Liebe nach dem „… und sie lebten glücklich bis ans Ende ihrer Tage“: 11 kleine Gewohnheiten, die verhindern, dass die Gefühle erkalten

Im Kino endet alles mit einem Kuss, einer Hochzeit und dem Abspann, der verspricht: „Und sie lebten glücklich bis ans Ende ihrer Tage.“ Im echten Leben beginnt die spannendste Geschichte jedoch genau danach.

Im Kino endet alles mit einem Kuss, einer Hochzeit und dem Abspann, der verspricht: „Und sie lebten glücklich bis ans Ende ihrer Tage.“ Im echten Leben beginnt die spannendste Geschichte jedoch genau danach.

Liebe verschwindet nicht über Nacht. Sie packt nicht ihre Koffer und schlägt auch nicht die Tür hinter sich zu. Stattdessen löst sie sich langsam zwischen Einkaufslisten, beruflichen Deadlines, Nachrichten in Eltern-Chats, endlosen Hausarbeiten und der Erschöpfung am Ende des Tages auf.

Eines Morgens stellst du fest, dass du den Tagesablauf deines Partners oder deiner Partnerin auswendig kennst – aber schon lange nicht mehr weißt, wovon er oder sie träumt. Ihr esst gemeinsam zu Abend, schaut euch dabei aber kaum noch in die Augen. Ihr seid zusammen, und doch fühlt es sich an, als stündet ihr an zwei verschiedenen Ufern.

Die gute Nachricht: Das bedeutet nicht das Ende eurer Beziehung. Es ist lediglich ein Zeichen dafür, dass auch die Liebe Aufmerksamkeit braucht. Keine großen Gesten, sondern kleine Entscheidungen – jeden einzelnen Tag.

Kehrt dorthin zurück, wo alles begann

Mit der Zeit hören wir auf, in unserem Partner den Menschen zu sehen, der unser Herz einst schneller schlagen ließ. Vor uns steht nicht mehr der Mann, der uns zufällig in einem Café zum Lachen brachte, oder die Frau, die wir nach dem ersten Treffen nicht mehr vergessen konnten. Vor uns stehen der Ehemann oder die Ehefrau, der Vater oder die Mutter unserer Kinder.

Versucht, für einen Abend zu dem Tag zurückzukehren, an dem alles begann. Schaltet eure Handys aus, kocht euch eine Tasse Tee und erzählt euch gegenseitig von genau dem Moment, in dem ihr gespürt habt, dass etwas in euch passiert ist.

Ihr werdet überrascht sein, wie unterschiedlich zwei Menschen dieselbe Geschichte in Erinnerung behalten.

Stellt Fragen – auch wenn ihr glaubt, bereits alle Antworten zu kennen

Die größte Illusion langjähriger Beziehungen lautet: „Ich kenne ihn in- und auswendig“ oder „Ich weiß bereits alles über sie.“

In Wirklichkeit verändert sich der Mensch an eurer Seite jeden Tag.
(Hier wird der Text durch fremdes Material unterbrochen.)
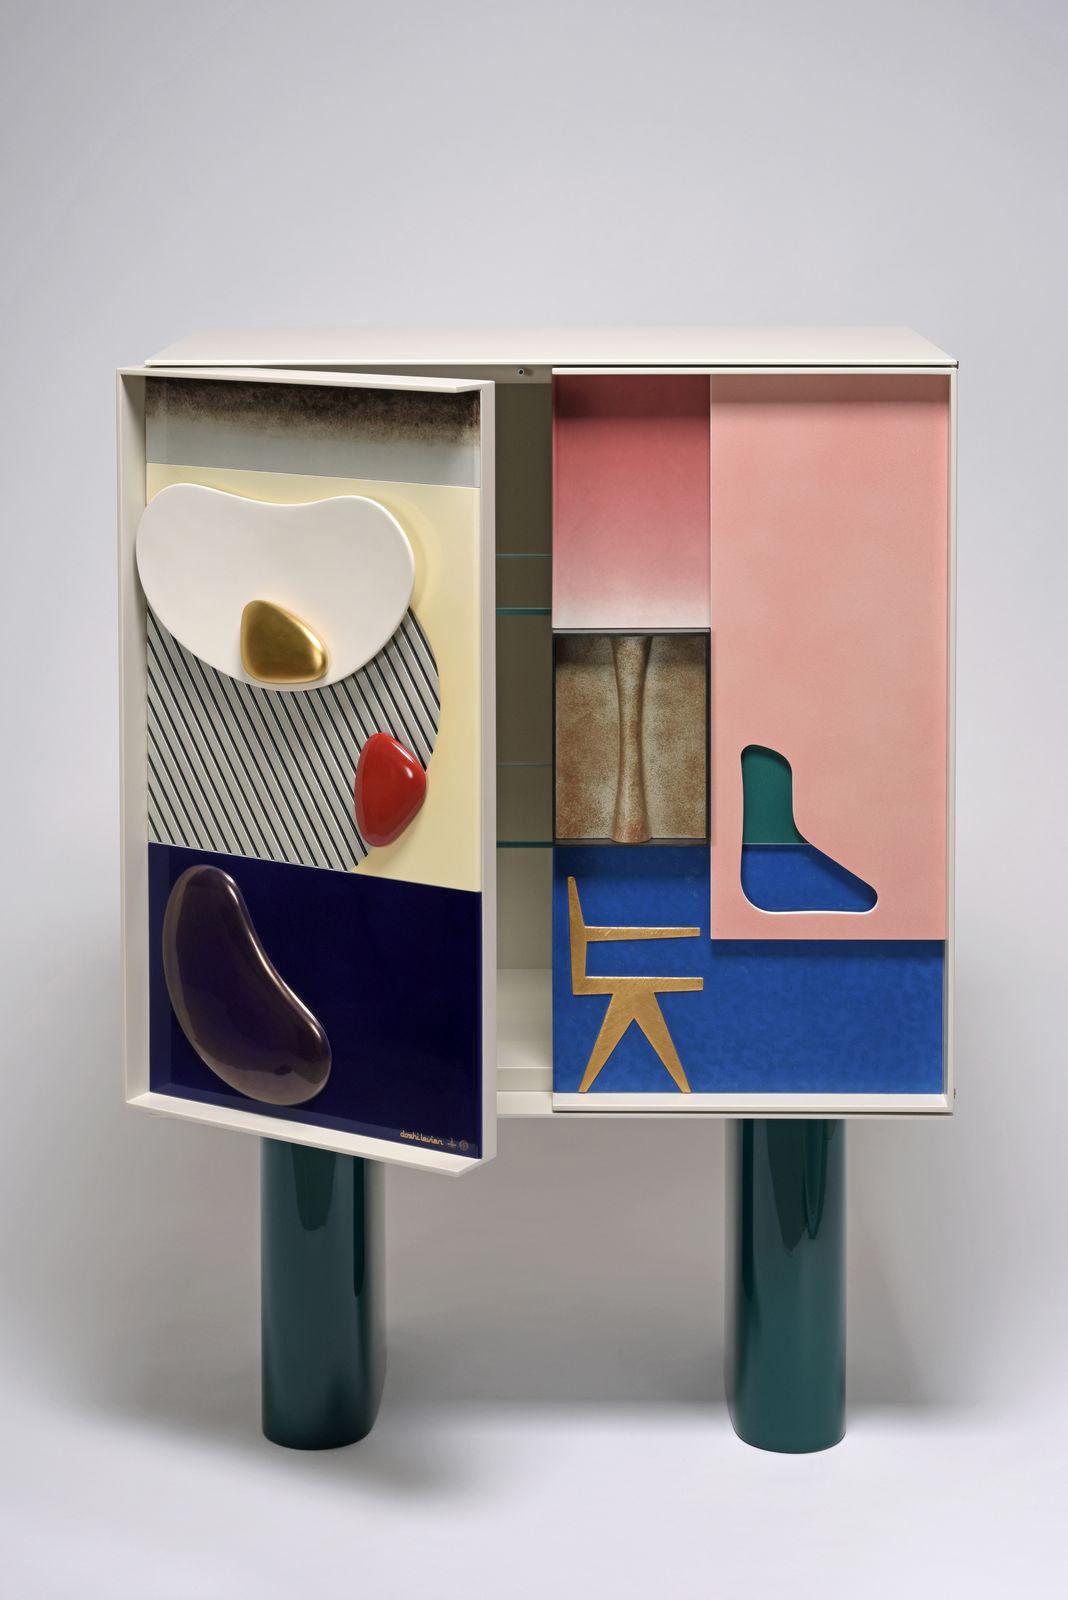 Doshi Levien (Nipa Doshi née en 1971, Jonathan Levien né en 1972), cabinet, 2017, porcelain, wood and glass, Manufacture Nationale de Sèvr

Er sammelt neue Erfahrungen, durchlebt neue Ängste, entwickelt neue Wünsche und entdeckt neue Seiten an sich selbst.

Nehmt euch wenigstens fünfzehn Minuten Zeit – ohne Handy – und stellt euch gegenseitig Fragen.

Nicht darüber, was morgen eingekauft werden muss, sondern darüber, was euch gerade inspiriert. Was ihr gerne lernen würdet. Welche Träume ihr euch bisher kaum auszusprechen traut.

Manchmal kann eine einzige ehrliche Antwort mehr bewirken als zehn romantische Dates.

Berührungen sind eine eigene Sprache der Liebe

Wenn ein Paar schon lange zusammen ist, werden körperliche Berührungen oft entweder zur Routine oder nur noch zum Vorspiel für Sex.

Doch wahre Nähe beginnt viel früher.

Eine Umarmung nach einem anstrengenden Tag. Eine Hand auf der Schulter. Gemeinsam unter einer Decke einen Film anschauen. Nebeneinander liegen, schweigen und sich an den Händen halten.

Solche Momente schenken ein Gefühl von Geborgenheit, das sich mit keinem Geschenk der Welt kaufen lässt.

Erlaubt euch, unvollkommen zu sein

Wir alle möchten stark, selbstbewusst und makellos wirken.

Doch echte Nähe entsteht nicht dort, wo Menschen perfekte Rollen spielen, sondern dort, wo sie ehrlich sagen können:

– „Ich schäme mich immer noch dafür, dass …“

– „Ich habe Angst, dass …“

– „Manchmal habe ich das Gefühl, nicht gut genug zu sein …“

Versucht nicht sofort, den anderen zu korrigieren oder Ratschläge zu geben. Manchmal ist das Wertvollste, was man einem geliebten Menschen schenken kann, aufmerksames Zuhören und das Gefühl: „Ich habe dich verstanden.“

Schafft eure eigenen kleinen Rituale

Nicht jedes Ritual muss groß sein.

Ein gemeinsamer Kaffee am Morgen.

Pizza am Freitagabend.

Ein Spaziergang am Samstag – ohne Handy.

Eine Umarmung vor dem Schlafengehen.

Ein wöchentliches Date, auch wenn es nur eine halbe Stunde dauert.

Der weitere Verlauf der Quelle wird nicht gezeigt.